Well we(I and my friends) have to design website for College fest *Confluence 2010-2011* . we want to make website like IIT Delhi Fest or IIT Bombay Moodi. I want to know how to go about it... and where should we get best hosting from?


----------



## ico (Nov 27, 2010)

Firstly you need someone who actually knows HTML/CSS, JavaScript and PHP.


----------



## Dangerous Dave (Nov 27, 2010)

and after that what we will have to do?... we have some computer science (Hons) students who know such stuff!


----------



## web (Nov 27, 2010)

The next step is get a good domain for your fest from a domain provider like godaddy.com, name.com etc etc

Then buy hosting from your desired hoster(personally I prefer Hostgator.com)

Then upload your pages


----------



## abhidev (Nov 30, 2010)

There are many comapanies that provide hosting services...if your site is gonna be content oriented...as in you guys will hv to update content on your site frequently..then i would suggest adopt a CMS like wordpress.


----------



## Dangerous Dave (Dec 20, 2010)

Just check out the website Confluence 11     

Domain taken from Godaddy and hosting from HostSo - Reliable, Affordable Web Hosting


----------



## ashishverma88 (Dec 22, 2010)

Dangerous Dave said:


> Just check out the website Confluence 11
> 
> Domain taken from Godaddy and hosting from HostSo - Reliable, Affordable Web Hosting



Your site looks good.

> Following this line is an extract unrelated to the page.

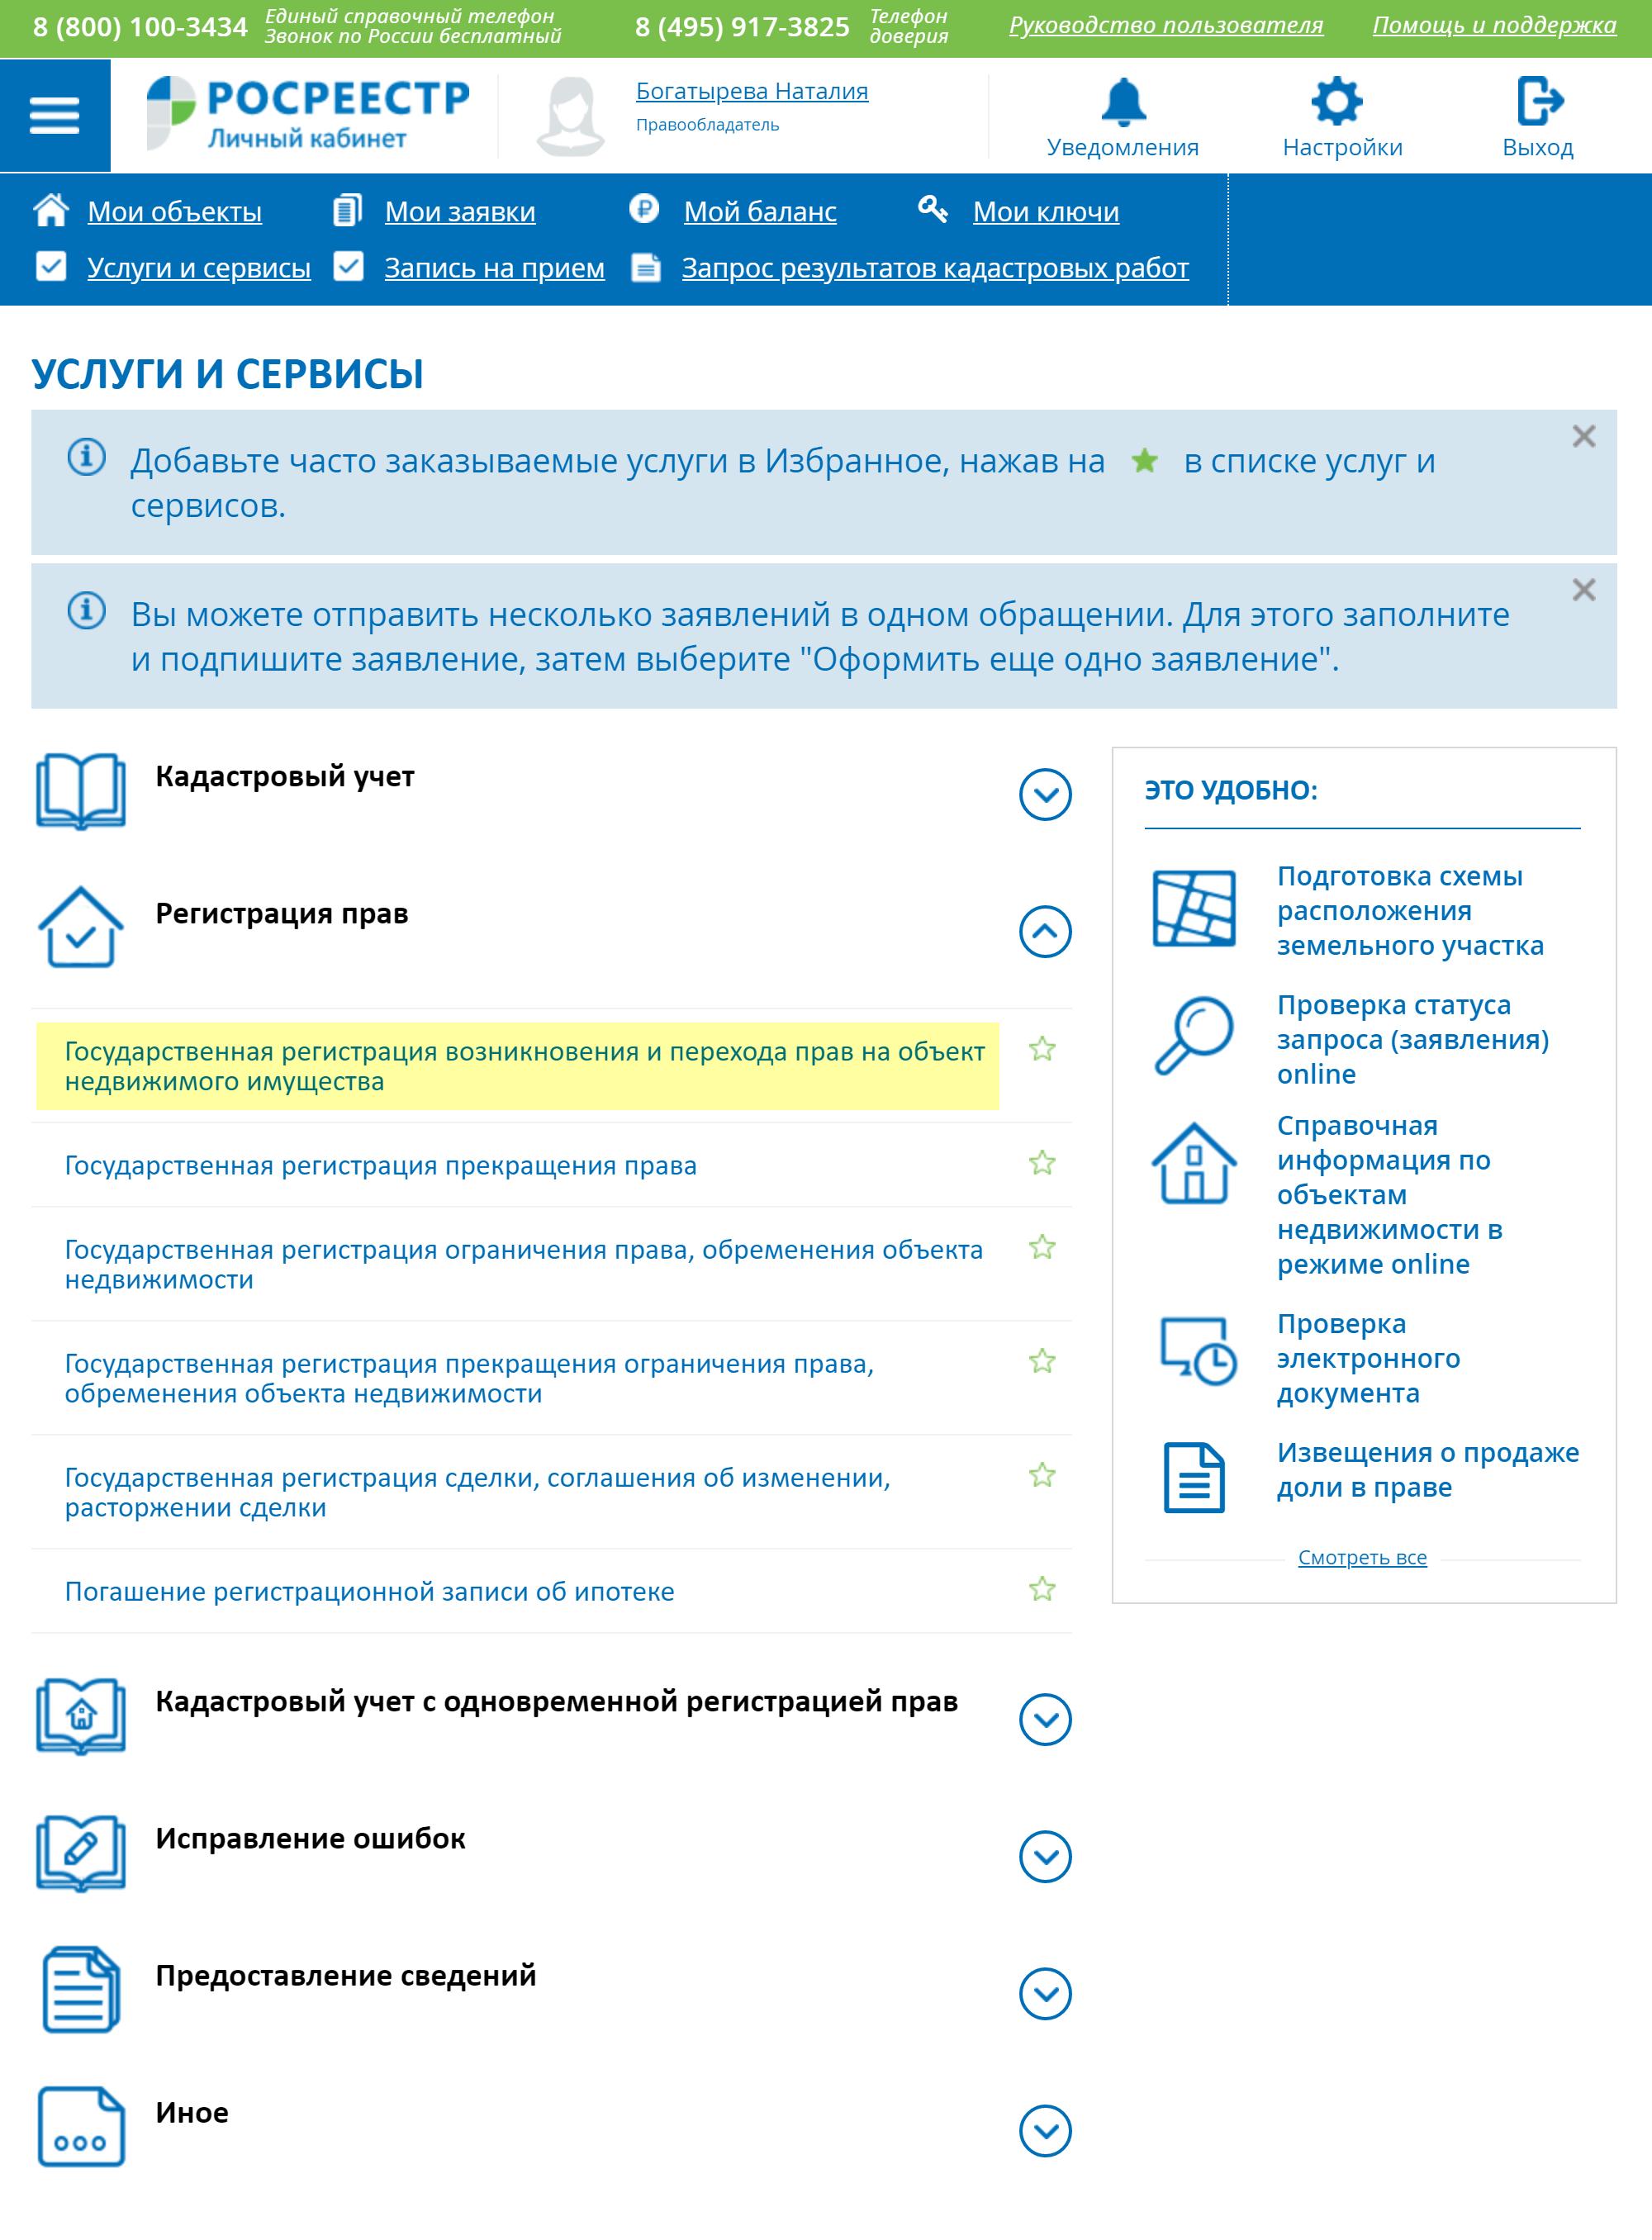 Чтобы зарегистрировать договор дарения в личном кабинете на сайте Росреестра, выберите раздел «Регистрация прав», а в нем — «Государственная регистрация возникновения и перехода прав на объект недвижимого имущества». Дальше нужно будет заполнить личные данные, их система подтянет из аккаунта на госуслугах

What u can also do is use proper title tags or banners so that it could highlight more about the event.
Like, u said that it is related to your college fest, so "highlight" these points.

Also wat u can do is to use marquee tag. Try to display some of the main events into the homepage (say about the chief guest or any other USP)

Also you have chosen "go daddy" for hosting.Thumbs up on that.

Ashish


----------



## Dangerous Dave (Dec 22, 2010)

ashishverma88 said:


> Your site looks good. What u can also do is use proper title tags or banners so that it could highlight more about the event.
> Like, u said that it is related to your college fest, so "highlight" these points.
> 
> Also wat u can do is to use marquee tag. Try to display some of the main events into the homepage (say about the chief guest or any other USP)
> ...



thanks


----------



## ravi_9793 (Dec 23, 2010)

It looks good.. but personally I don't like website completely made in flash.
I suggest to use HTML, CSS with jQuery/ ajax


----------



## web (Dec 24, 2010)

ravi_9793 said:


> It looks good.. but personally I don't like website completely made in flash.
> I suggest to use HTML, CSS with jQuery/ ajax



I don't think so it's completely made of flash.

They have made the use of HTML and CSS


----------